Auch Menschen mit Omikron können schwer erkranken
Auf die Gefahr durch Omikron macht auch Andrea Schulz-Colberg, Sprecherin des Krankenhauses Reinbek St. Adolf-Stift, aufmerksam. Momentan würden 14 Covid-Patienten auf der Isolierstation behandelt. Auf der Intensivstation liege aktuell aber kein einziger Corona-Fall. „Noch vor zwei Wochen war das anders, da hatten wir sieben Covid-Patienten auf der Intensivstation, auch nachgewiesene Omikronfälle“, sagt Schulz-Colberg. Gestorben seien vor allem alte und vorerkrankte Menschen, auch an Omikron. Allerdings weniger als an der Delta-Variante.

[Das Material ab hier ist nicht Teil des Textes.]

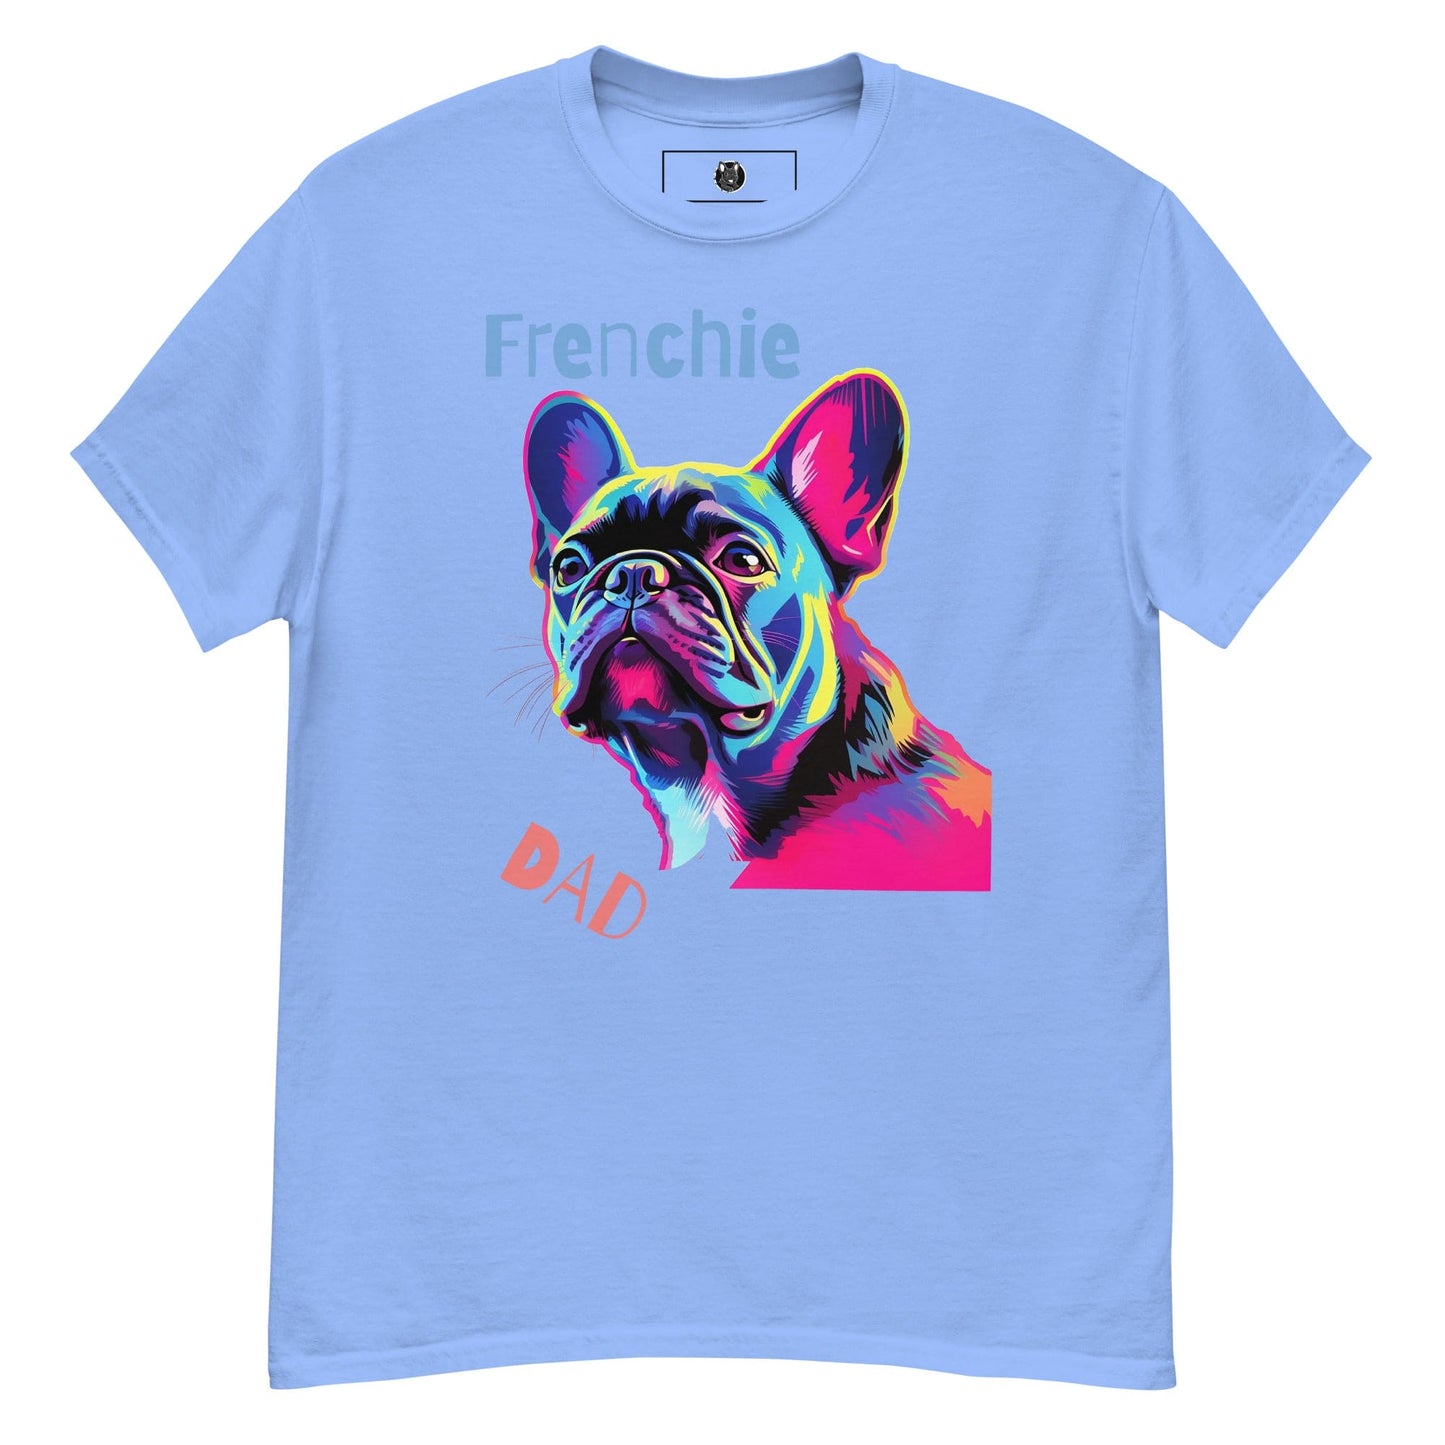 Frenchie Dad - Unisex T-shirt

Den Inzidenzwert hält das Krankenhaus Reinbek weiterhin für einen wichtigen Kennwert. Schulz-Colberg: „Er geht anderen Werten voraus. Wir können anhand unserer Erfahrung einschätzen, was in einigen Tagen auf uns zukommt.“ In der Regel betrage der Vorlauf bis zur Belastung der Krankenhäuser durch eine hohe Zahl an Patienten einige Tage bis zwei Wochen nach der Infektion. „Darum ist es wichtig, weiterhin die Gesamtlage zu kennen und daraufhin zu planen, etwa durch Verlegen von aufschiebbaren Eingriffen“, sagt sie. Momentan sei die Einsatzfähigkeit des Krankenhauses noch nicht gefährdet, dringende Operationen würden nicht abgesagt.
Gestern ist die Sieben-Tage-Inzidenz in Stormarn mit 1611,9 im Vergleich zum Vortag leicht gesunken. 765 Menschen im Kreis hatten sich von Mittwoch auf Donnerstag neu infiziert. Drei weitere Personen sind verstorben. Die Gesamtzahl der bestätigten Covid-19-Fälle hat sich auf 21.365 erhöht.